Казацкий Гумилев. Николай Туроверов

Туроверов Николай Николаевич (1899–1972) – поэт. Родился в донской станице Старочеркасская. Окончил реальное училище в Ростове-на-Дону. В семнадцать лет – доброволец лейб-гвардии Атаманского полка. С января 1918 по сентябрь 1920 года – доброволец Белой армии, участник Степного похода. Получил четыре ранения.  Жил в Греции, Албании, Сербии, Франции. Работал грузчиком, лесорубом, мукомолом. Учился в Сорбонне. Основал Казачий музей, был редактором газеты «Казачий Союз», председателем парижского Казачьего Союза. В начале Второй мировой войны сражался в Северной Африке в составе французского Иностранного легиона. Один из самых известных «казачьих поэтов» Русского зарубежья.
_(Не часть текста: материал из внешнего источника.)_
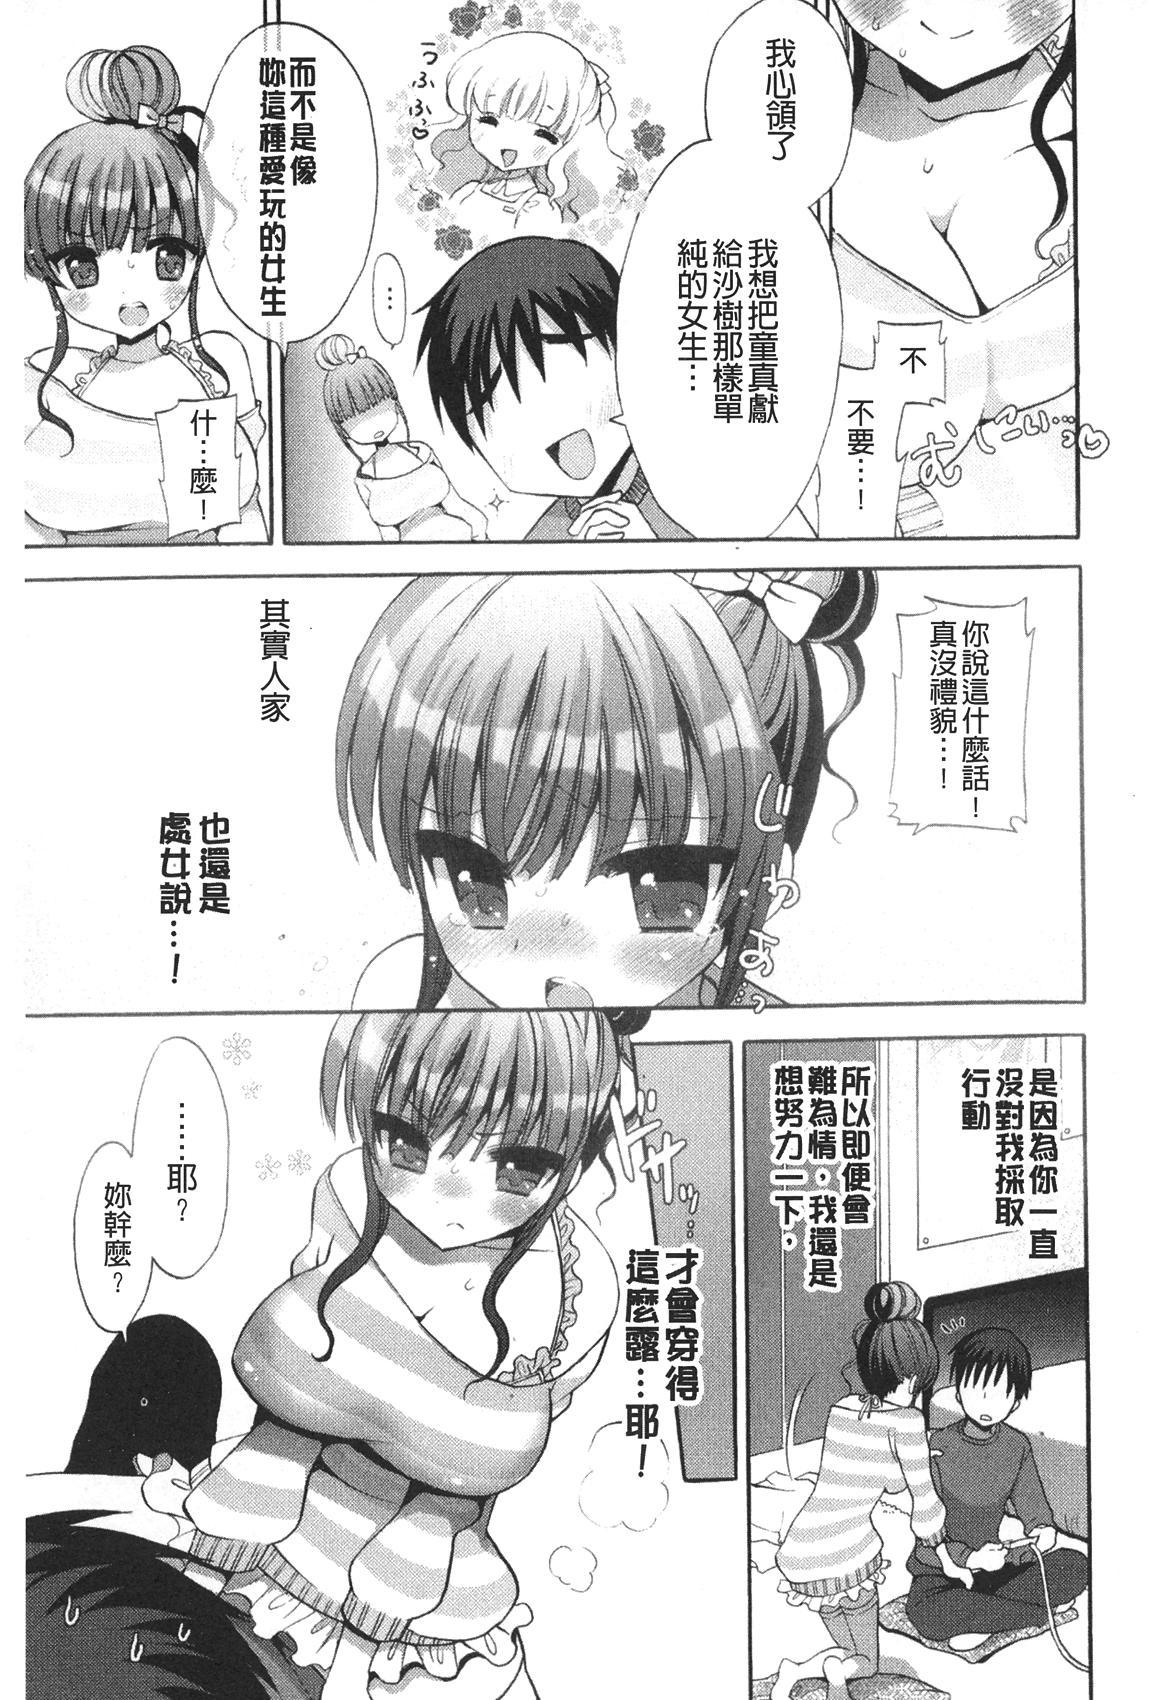 Icha Love! | 稚嫩女之愛! 59
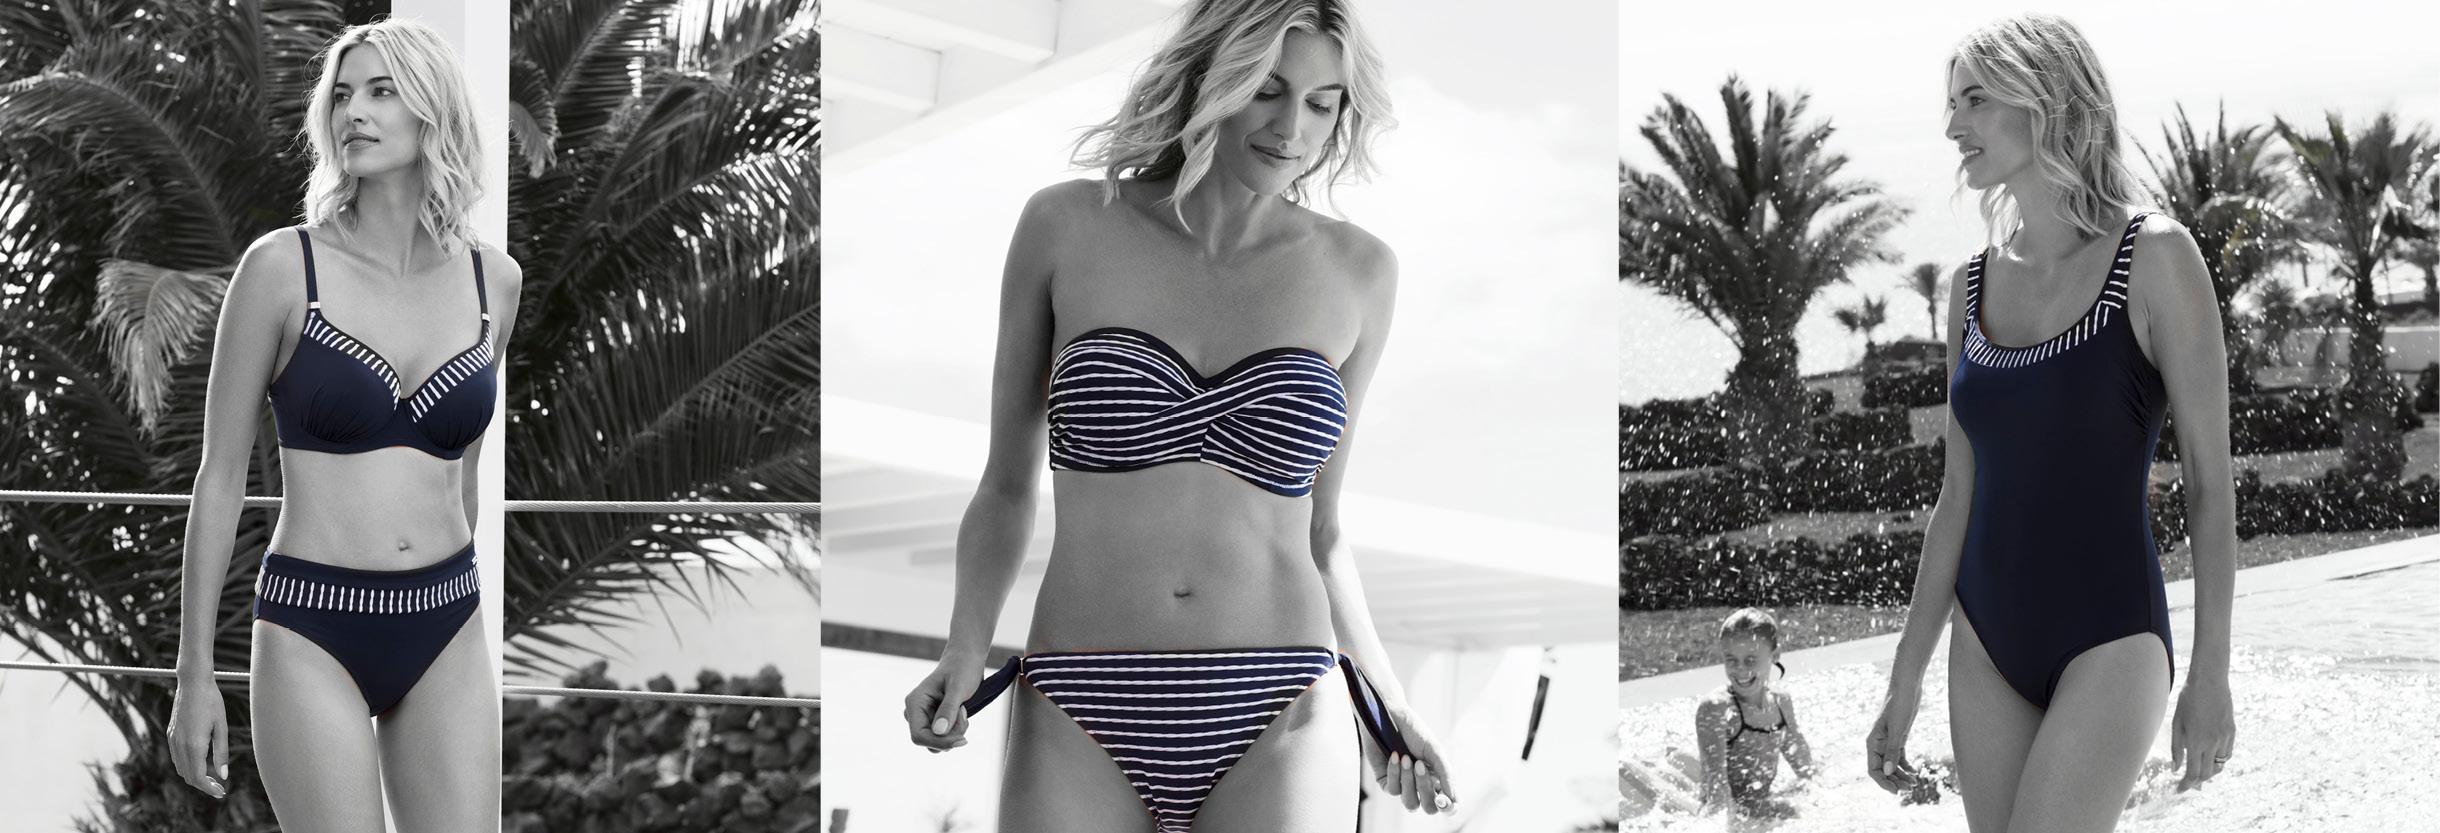 Fantasie badmode San Remo bikini's en badpakken grote maten

Первый поэтический сборник Николая Туроверова вышел в Париже в 1928 году. В России наиболее полное издание вышло в 2010 году («Возвращается ветер на круги свои...»: стихотворения и поэмы. М.: Худож. лит.).

* * *

В эту ночь мы ушли от погони,
Расседлали своих лошадей;
Я лежал на шершавой попоне
Среди спящих усталых людей.

И запомнил, и помню доныне
Наш последний российский ночлег,
— Эти звёзды приморской пустыни,
Этот синий мерцающий снег.

Стерегло нас последнее горе
После снежных татарских полей —
Ледяное Понтийское море,
Ледяная душа кораблей.

Всё иссякнет — и нежность, и злоба,
Всё забудем, что помнить должны,
И останется с нами до гроба
Только имя забытой страны.

Крым

Уходили мы из Крыма
Среди дыма и огня.
Я с кормы, всё время мимо,
В своего стрелял коня.

А он плыл, изнемогая,
За высокою кормой,
Всё не веря, всё не зная,
Что прощается со мной.

Сколько раз одной могилы
Ожидали мы в бою…
Конь всё плыл, теряя силы,
Веря в преданность мою.

Мой денщик стрелял не мимо.
Покраснела чуть вода…
Уходящий берег Крыма
Я запомнил навсегда.

* * *

Помню горечь солёного ветра,
Перегруженный крен корабля;
Полосою синего фетра
Уходила в тумане земля;

Но ни криков, ни стонов, ни жалоб,
Ни протянутых к берегу рук, —
Тишина переполненных палуб
Напряглась, как натянутый лук,

Напряглась и такою осталась
Тетива наших душ навсегда.
Чёрной пропастью мне показалась
За борто;м голубая вода.


Родине

Люблю тебя последнею любовью
И первою — ревнивой и одной,
Моим дыханьем и родною кровью,
Земной люблю тебя и неземной.

Люблю тебя в отчаяньи и счастьи,
В воспоминаниях, в надеждах, в снах,
В раздумьи, восхищении и страсти,
В презреньи, в гневе, в страхе и в мечтах.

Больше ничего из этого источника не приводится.